Organisations also have to act on impending change, or in dealing with the consequences of an inflection point that has brought out the difficulties involved in the challenges we face. These difficulties are being felt in real terms, as efforts are made to deal with inflation, rising energy prices and the social unrest and disruption which will likely follow in a number of countries.


CHALLENGES FOR THE PUBLIC RELATIONS
Dealing with the current consequences of disruptive change on the scale discussed here requires new approaches to decision-making, planning and to problem-solving - McGrath's discovery-driven planning offering one such approach.

The challenges for public relations here will be to insert the insights available in practice, and from the experience that has been developed over the years in risk identification and assessment, issues and crisis management, into thinking about the new assumptions needed to underlie work in government, business and other organisations.
 

In this, practice needs to work from a stronger evidence base, using more developed research capabilities, and more expertise in the use of techniques such as scenario planning.

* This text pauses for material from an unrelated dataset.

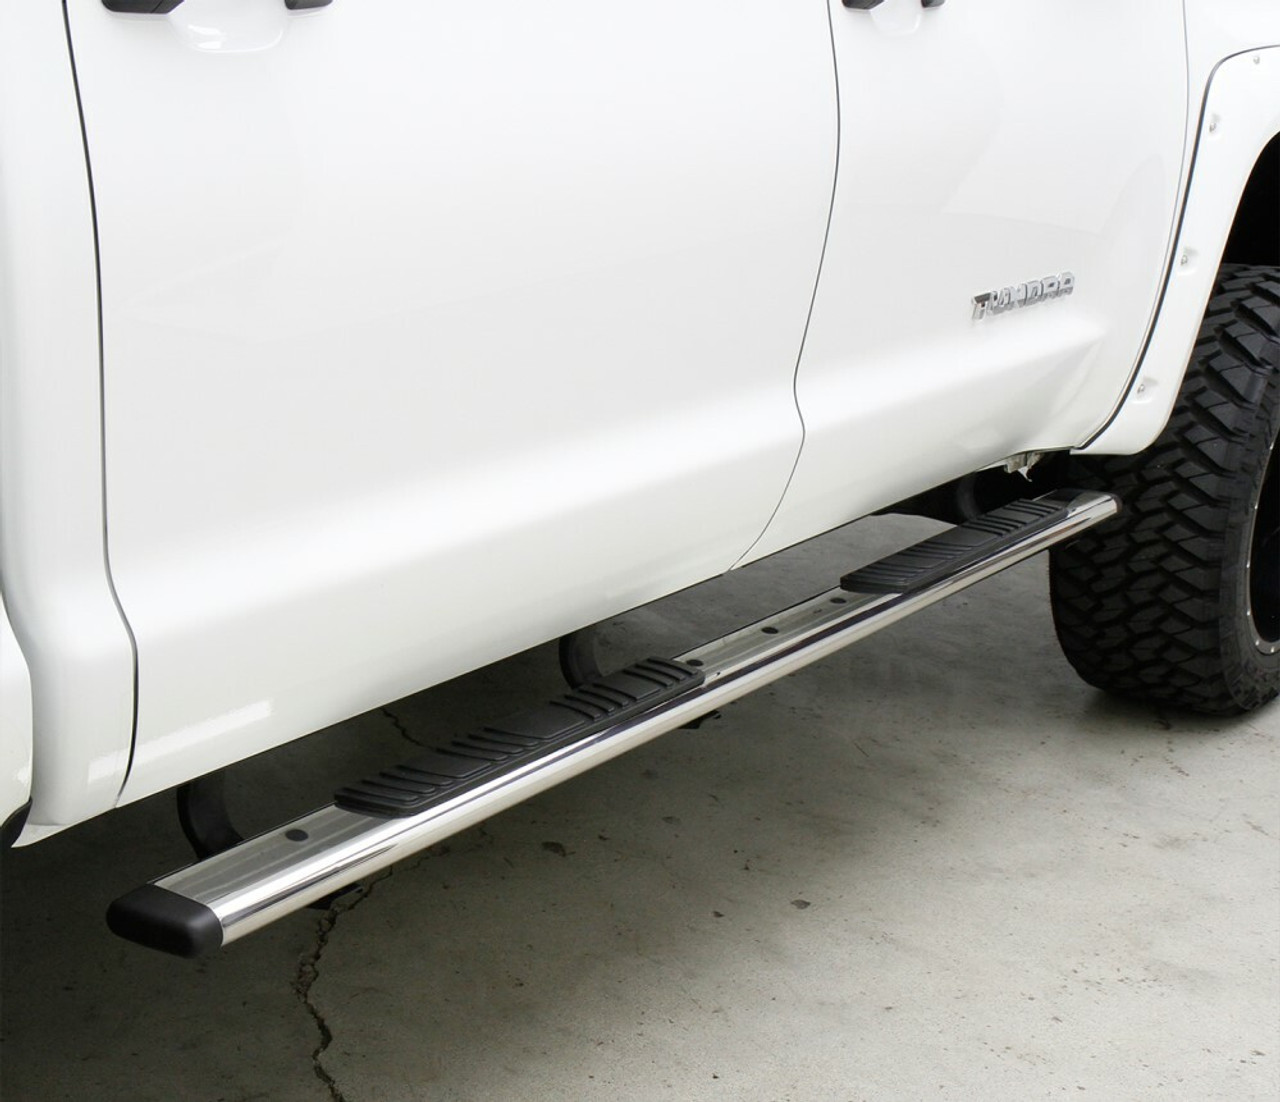 Go Rhino 685415587PS Ford, F-250, F-350 Super Duty, 2017 - 2021, 5 inch OE Xtreme Low Profile - Complete Kit: Sidesteps + Brackets, Stainless steel, Polished, 650087PS side bars + 6841555 OE Xtreme Brackets. 5 inch wide x 87 inch long side bars

Practitioners also have experience over the years of working with so-called ‘wicked problems' but have not recognised their work in this area of problem-solving by capturing experience and discussing it in detailed case studies. 

Another continuing challenge for practice is how to make better connections to the work done by researchers, to encourage more relevant research, to collaborate with universities and research groups to open practice questions to research examination and development.

We are, as the Bled conference organisers believed, when they contemplated this year's theme, now living in a changed world - one that they may not have foreseen in mid-2021 when the conference theme was developed - but one that has passed through an inflection point and in which we now have to look for advantages in its consequences.